En même temps que l’interdiction du BDS, Israël a promis l’interdiction des ressortissants étrangers qui demandent publiquement des sanctions contre lui. Mes compagnons de voyage et moi sommes les premières victimes de celle-ci, largement critiquée en tant qu’énorme violation des libertés civiques fondamentales, telles que la liberté d’expression et de résistance non-violente. En criminalisant par cette interdiction de voyage le militantisme en faveur des droits des Palestiniens, Israël est en train de briser le mythe le présentant comme une démocratie juive. Un pays qui interdit ceux qui critiquent ses violations des droits de l’homme est fondamentalement anti-démocratique. Me refuser l’entrée parce que je m’oppose publiquement et sans remords à l’oppression des Palestiniens est un geste de désespoir de la part d’un gouvernement qui sait que sa domination par la force est insoutenable.
Mais l’interdiction révèle aussi qu’Israël a très peur de la puissance des mouvements populaires, de la résistance non-violente et des liens humains d’un côté à l’autre des frontières. Historiquement, les mouvements ayant recours aux boycotts et aux campagnes de désinvestissement ont bâti la pression essentielle à la base, en exigeant des changements de la part des gouvernements et des institutions renforçant des politiques d’oppression. Je pense que ces tactiques sont les plus morales et la voie la plus prometteuse à terme pour assurer, que, un jour, les familles palestiniennes puissent prier, vivre et se déplacer librement dans leur patrie.
J’ai finalement décidé de me joindre à cette délégation, parce que s’associer à des militants pacifistes israéliens et palestiniens sur le terrain dans le cadre d’un groupe multiracial et multi-religieux allait me donner une occasion de construire les sortes de résistance fiables dont nous avons besoin sur le chemin de la justice pour tous.

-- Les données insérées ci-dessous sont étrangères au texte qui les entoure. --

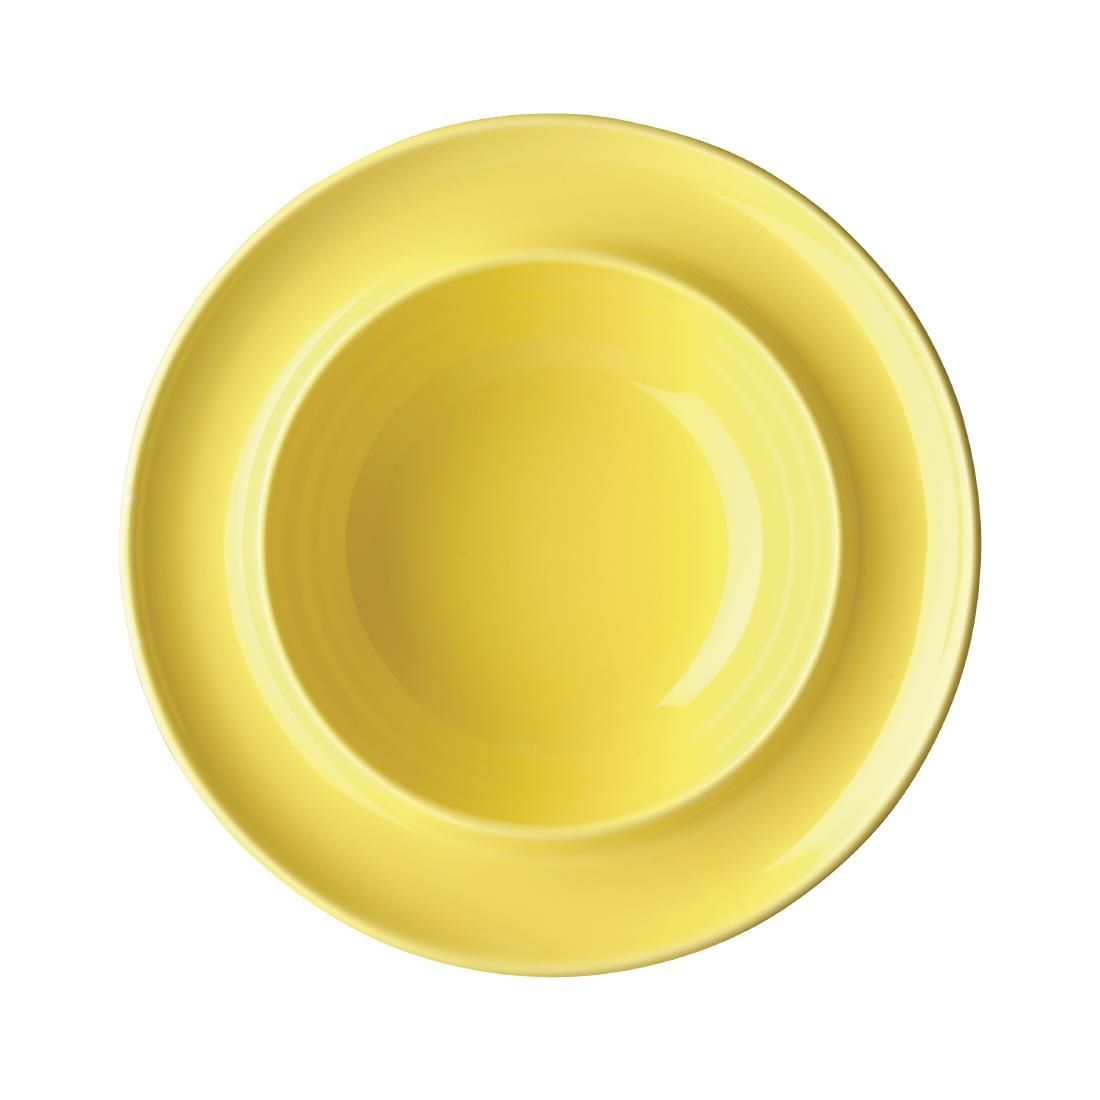 DW148 Olympia Heritage Raised Rim Bowls Yellow 205mm (Pack of 4)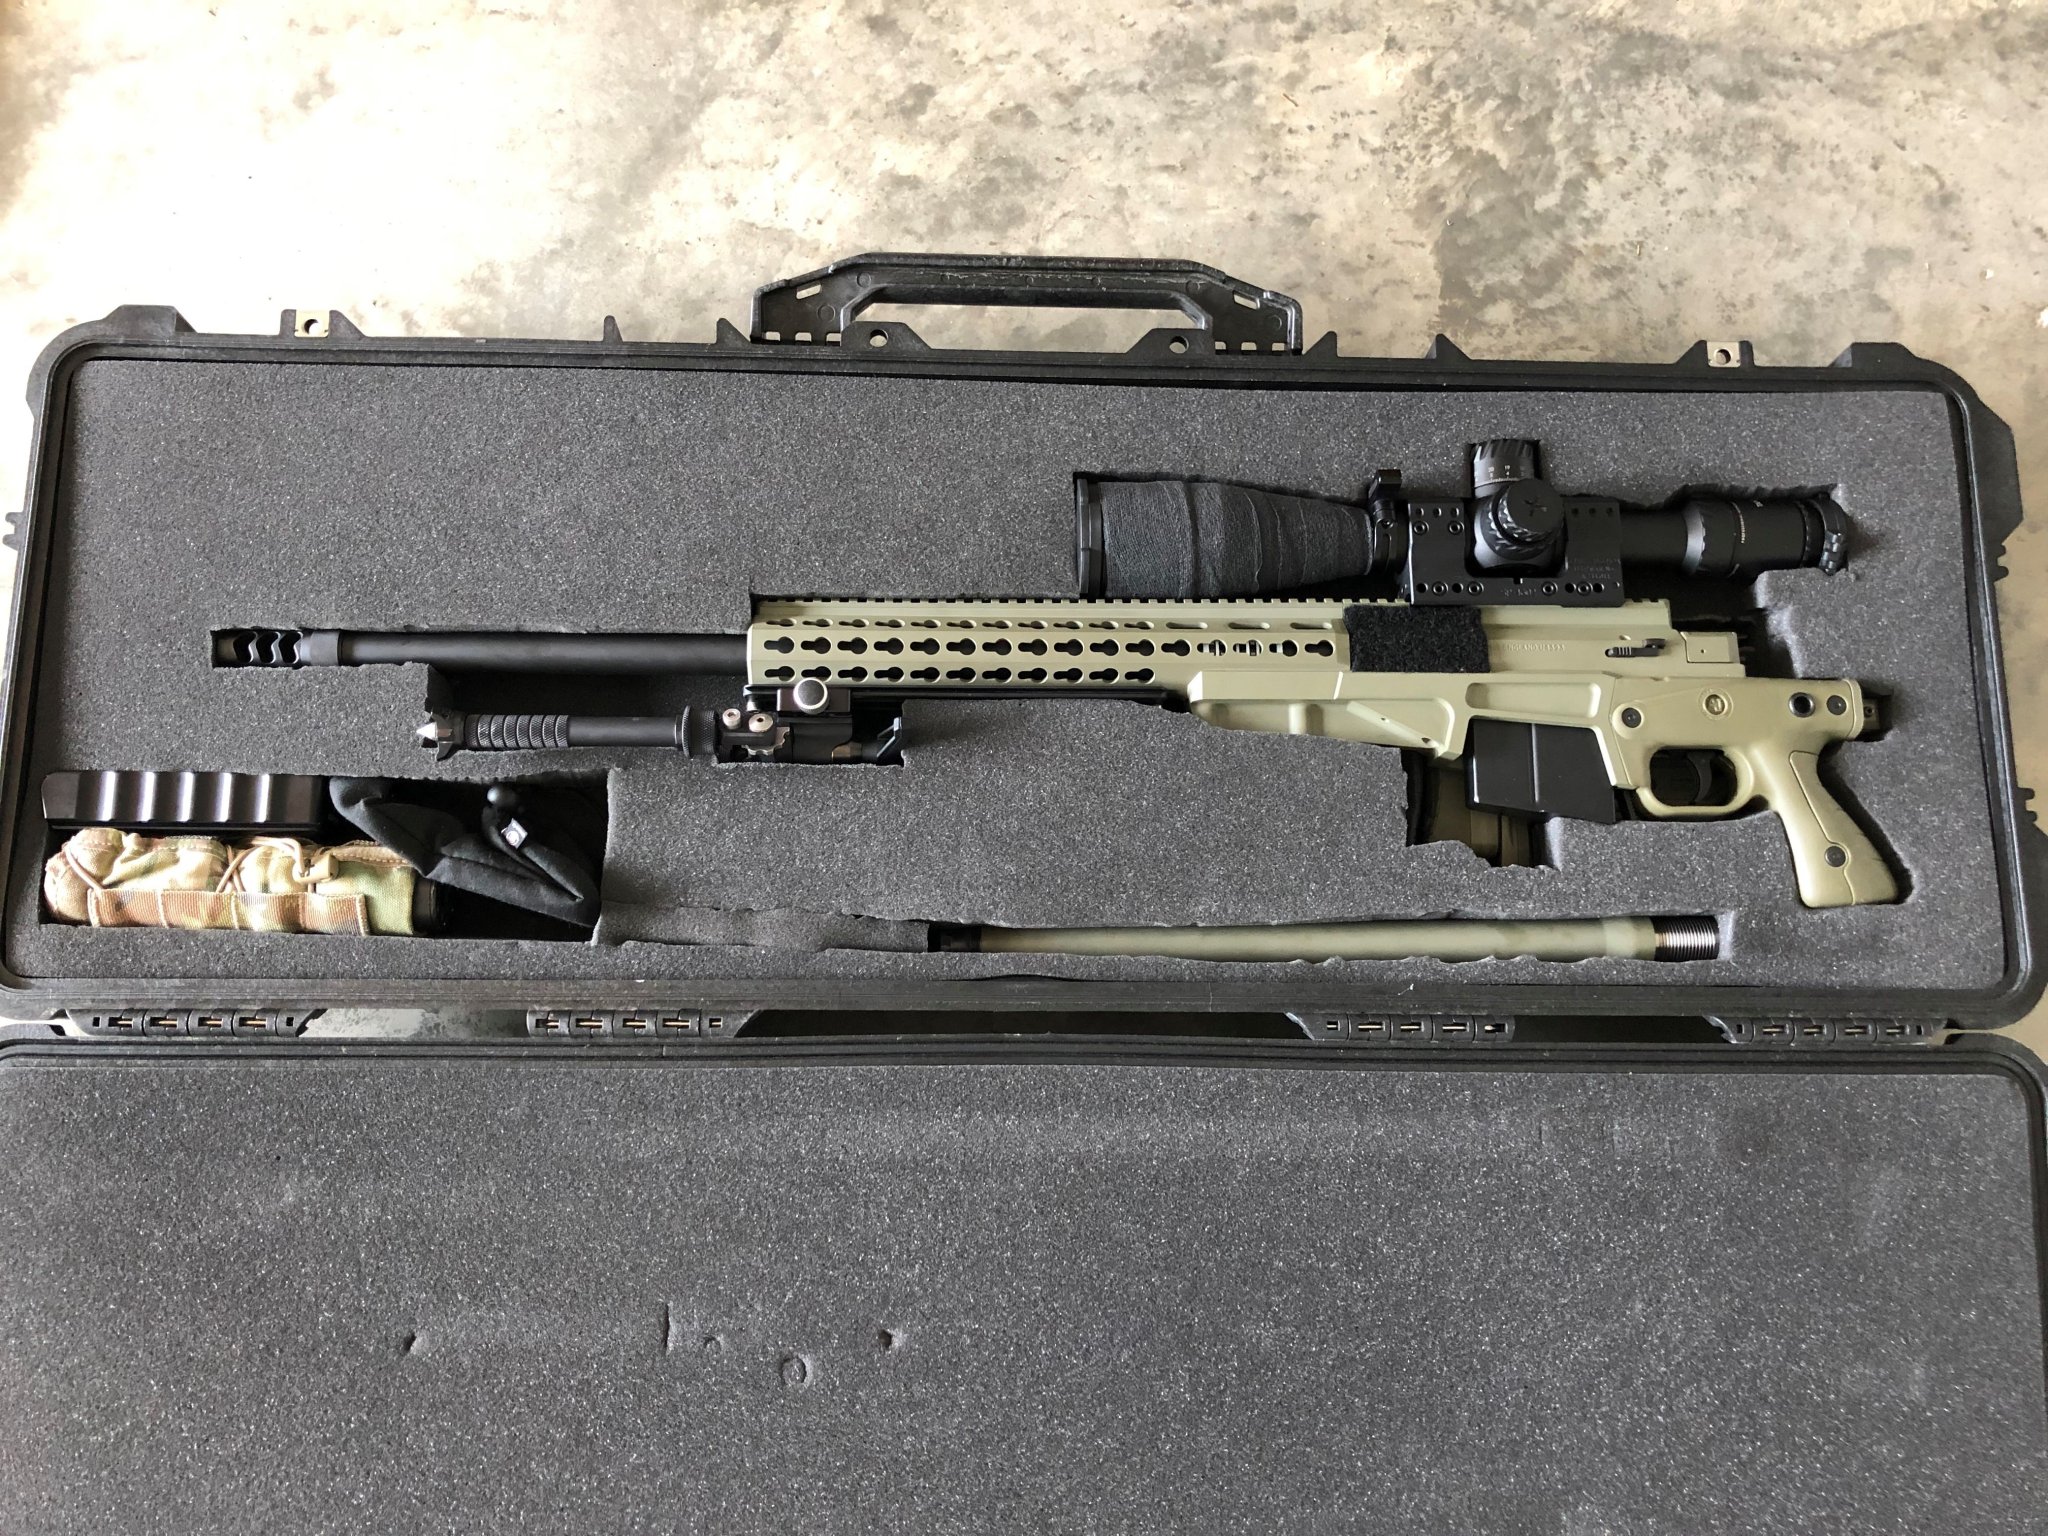 Accuracy International Picture Thread | Page 71 | Sniper's Hide Forum

Israël sait que ces relations entres les gens et les mouvements sont assez puissantes pour mettre en cause ses presque 70 années de dépossession et ses 50 années d’occupation. C’est pourquoi le BDS fait tant peur à Israël. La bonne nouvelle c’est que les stratégies répressives d’Israël ne sont pas assez fortes pour empêcher les gens d’établir des relations entre leurs luttes pour la justice.
Nous continuerons à les établir jusqu’à ce que les Palestiniens puissent embarquer sur le prochain vol de la Lufthansa pour rentrer chez eux.
Alissa Wise, 26 juillet 2017
Jewish Voice For Peace/ Voix Juive pour la Paix
(traduit de l’anglais par Yves Jardin, membre du GT de l’AFPS sur les prisonniers)
Le Rabbin Alissa Wise est la directrice adjointe de la Voix Juive pour la Paix.